As the rhyme concluded, Anne and Elizabeth clapped. But their applause was joined by another. Octavia’s head snapped up to find Jasper leaning a hip against the doorjamb of the nursery. He was dressed simply and without fanfare, yet he exuded such confidence and power that he could easily outshine any gentleman in a drawing room. The smile curving his lips enhanced the effect, of course. As did that hazel gaze of his, burning with warmth.

“What a lovely rhyme,” he said softly.

She felt his praise all the way to her toes. Not because of the words. She knew his applause was not for the abecedarium, clever and engaging though it was. Rather, it was meant for her. He appreciated her. And she, in turn, appreciated him.

“Thank you,” she told him, smiling back at him.

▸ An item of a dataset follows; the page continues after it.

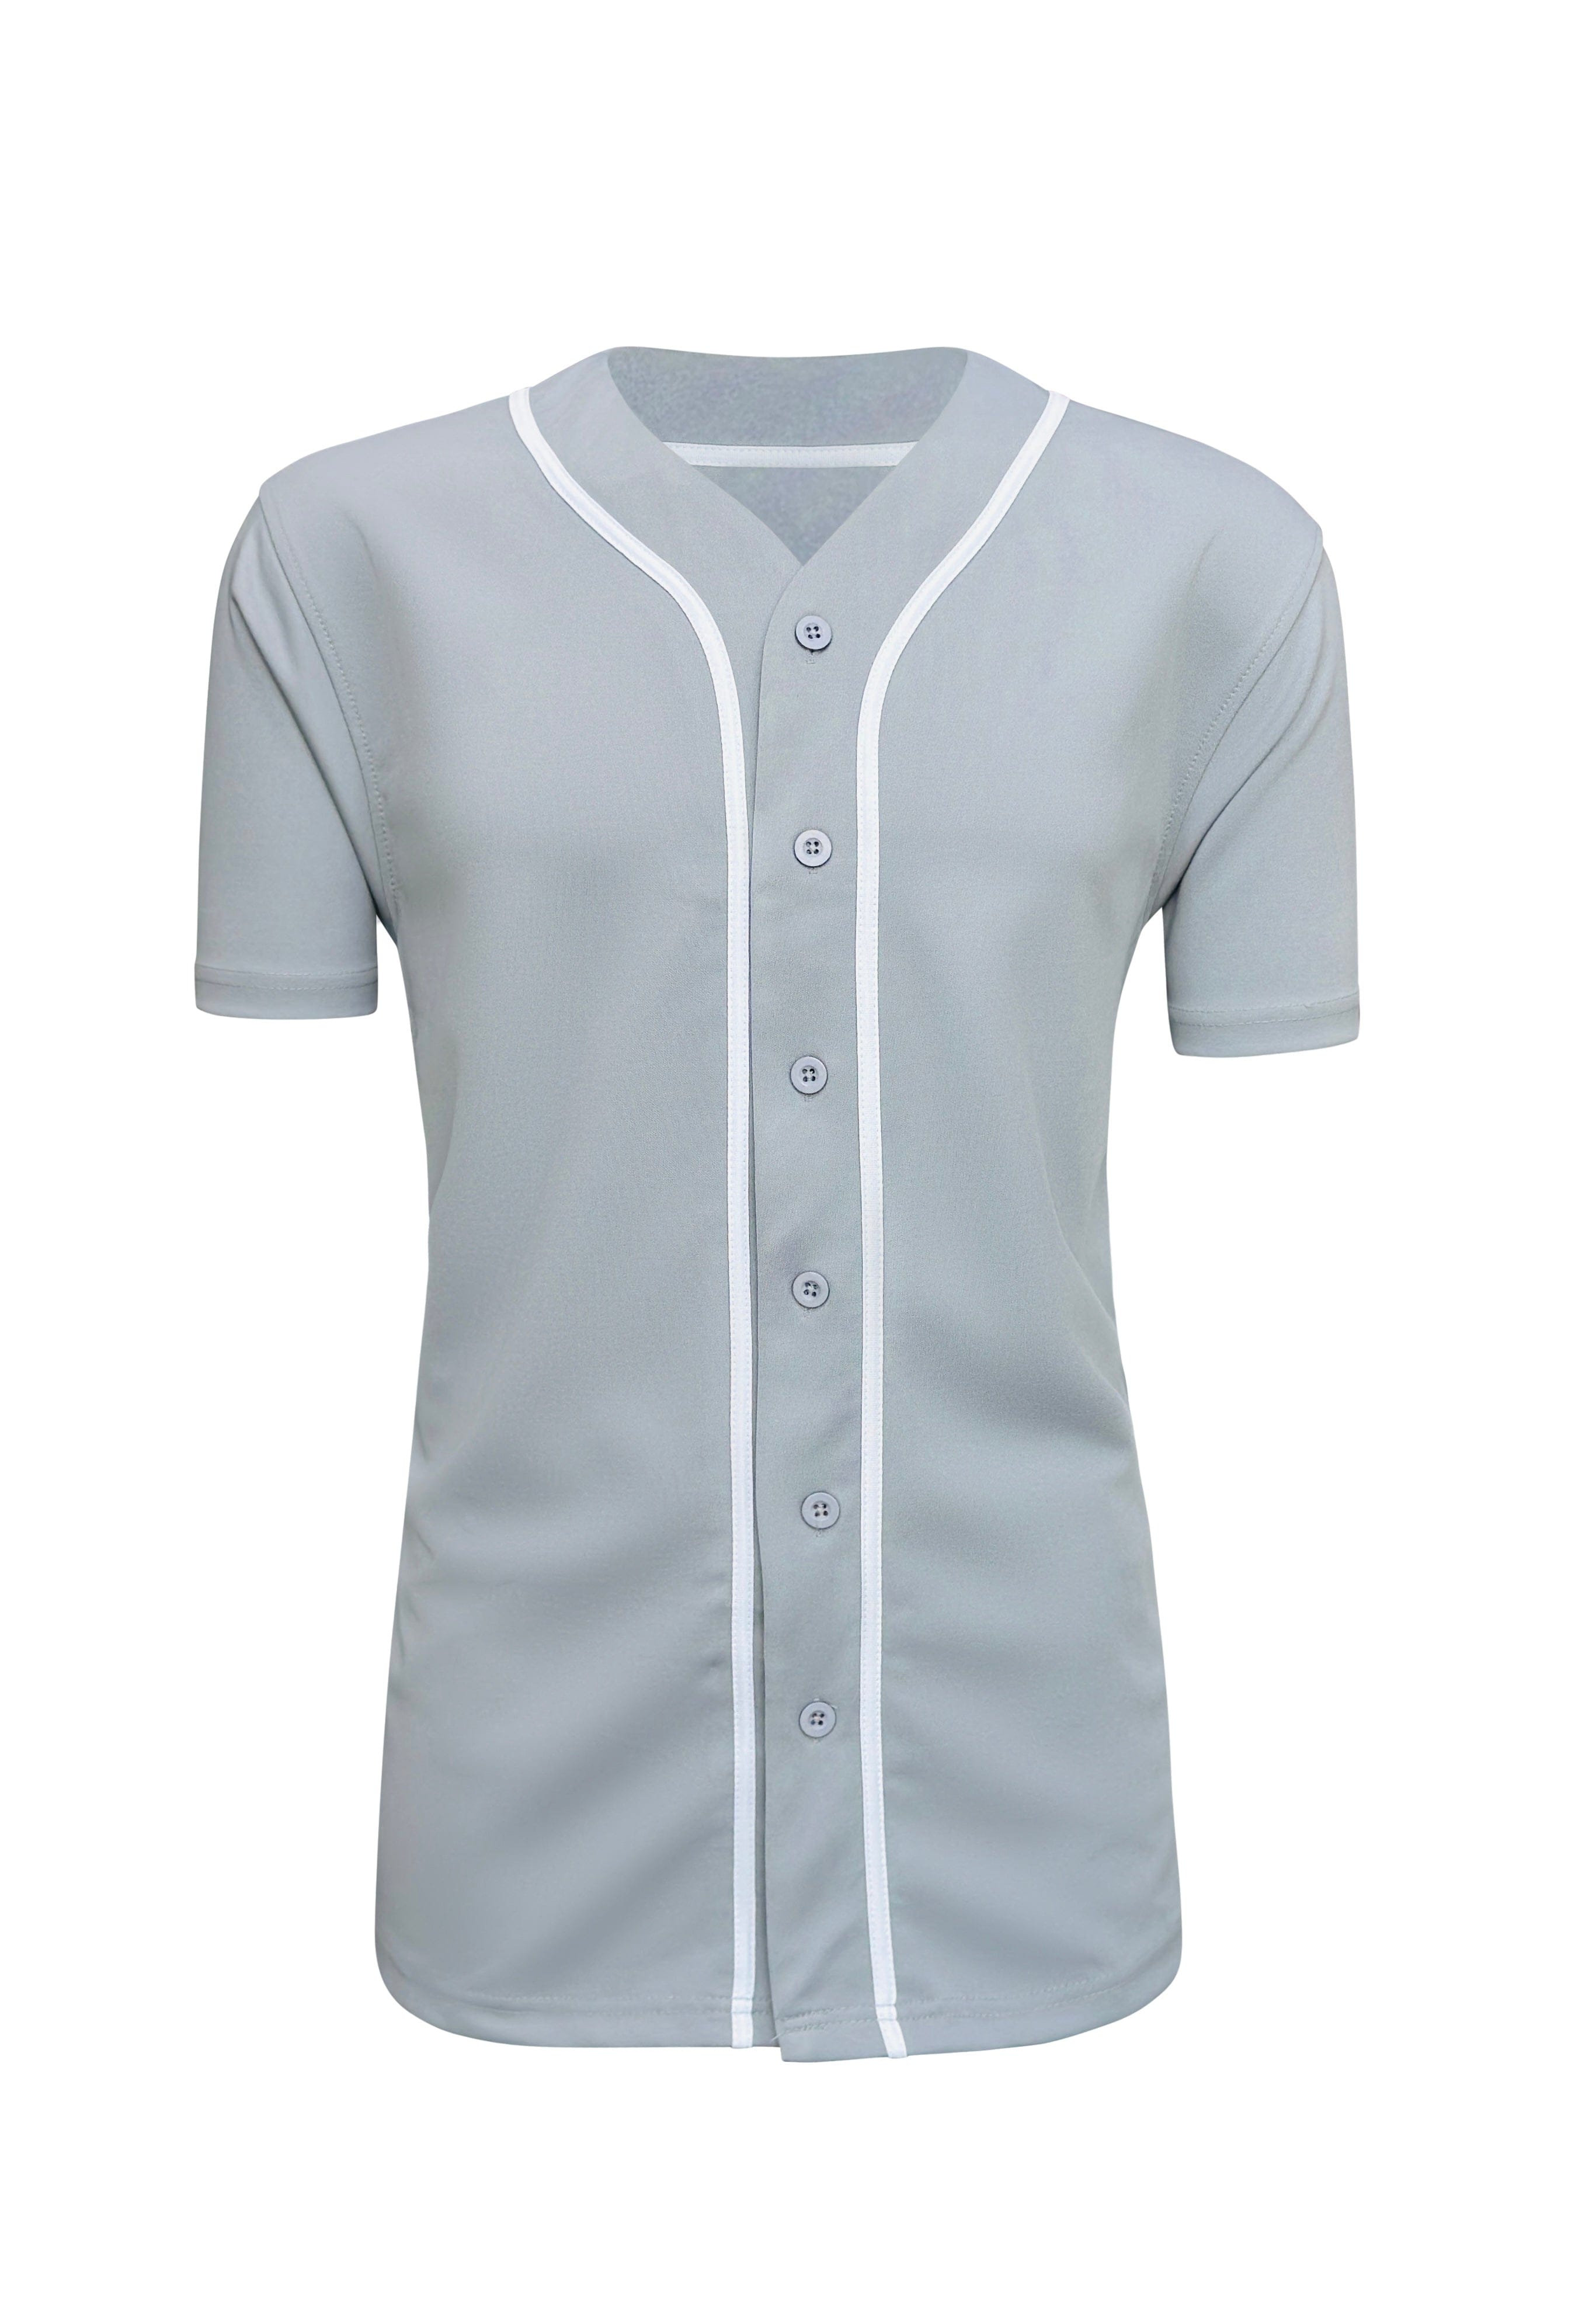 Wholesale White Black-Piping Sublimation Unisex Baseball Jersey (8

“Papa,” Elizabeth exclaimed, her girlish voice sparkling with excitement, “Mama is teaching us in an abbysudsarium.”

Although she had taken great care to enunciate the word, Elizabeth had still managed to butcher it quite mightily. But Octavia did not mind. Jasper’s daughter had just referred to her as Mama. Her heart felt as if it would burst through her stays and gown and flit about the nursery.

Jasper pushed away from the door and strode toward them. “I’ve no notion what the devil you just said, my girl, but I’m pleased you’re working with Mama to learn your letters.”

“Do you mind if we was to call you Mama now that you and Papa are in the parson’s mousetrap?” Anne asked shyly, drawing Octavia’s attention from their father.

She smiled past the swift rush of emotion even as she wondered where in heaven’s name the girl had heard the phrase parson’s mousetrap. “I would be honored to be your mama, girls.”

And she meant those words. More than she ever could have imagined. She had always loved children but had never supposed to have any of her own. Her niece and nephews had filled her heart, but there was room for more. A space just for Anne and Elizabeth.

And maybe for their father as well.

Jasper reached her side and settled himself in another of the child-sized chairs outfitting the room. Watching him fold his large body into the tiny piece of furniture was comical indeed. She could not contain her smile. But it was not merely humor that had her lips curving. It was that he was here. She had not seen him in the nursery before. He spent much of his days and nights absorbed in the running of the gaming hell.

“Do you dare to laugh at me, Mrs. Sutton?” he demanded with mock outrage.

When he grinned like that, he looked younger. Less weighed down by the many responsibilities of his world. She liked how carefree he appeared, how joyful.

“I would never laugh at you,” she promised, unable to quell her smile. “But the sight of such a big man on such a small chair is worthy of comment, perhaps.”

“Careful you don’t break our chairs, Papa,” Anne said solemnly.

“If I do, I’ll buy you another.” He gave his daughter’s dark head an affectionate pat. “I’ve come to spend the rest of the afternoon with the three of you. If I don’t sit here, where shall I go?”

He wanted to spend time with the girls? And her, outside of the bedchamber? This was most definitely a new side of him. Over the last few days, their lives had settled into one of comfortable routine. No more unexpected visits from ladybirds. Hugh ceased refusing her entrée to Jasper’s office. She spent her days with Anne and Elizabeth and her nights with her husband. But today marked the first time he had ventured to the nursery on his own.

Was it her imagination, or was Jasper softening?

“Truly?” Elizabeth asked. “You’re staying the afternoon?”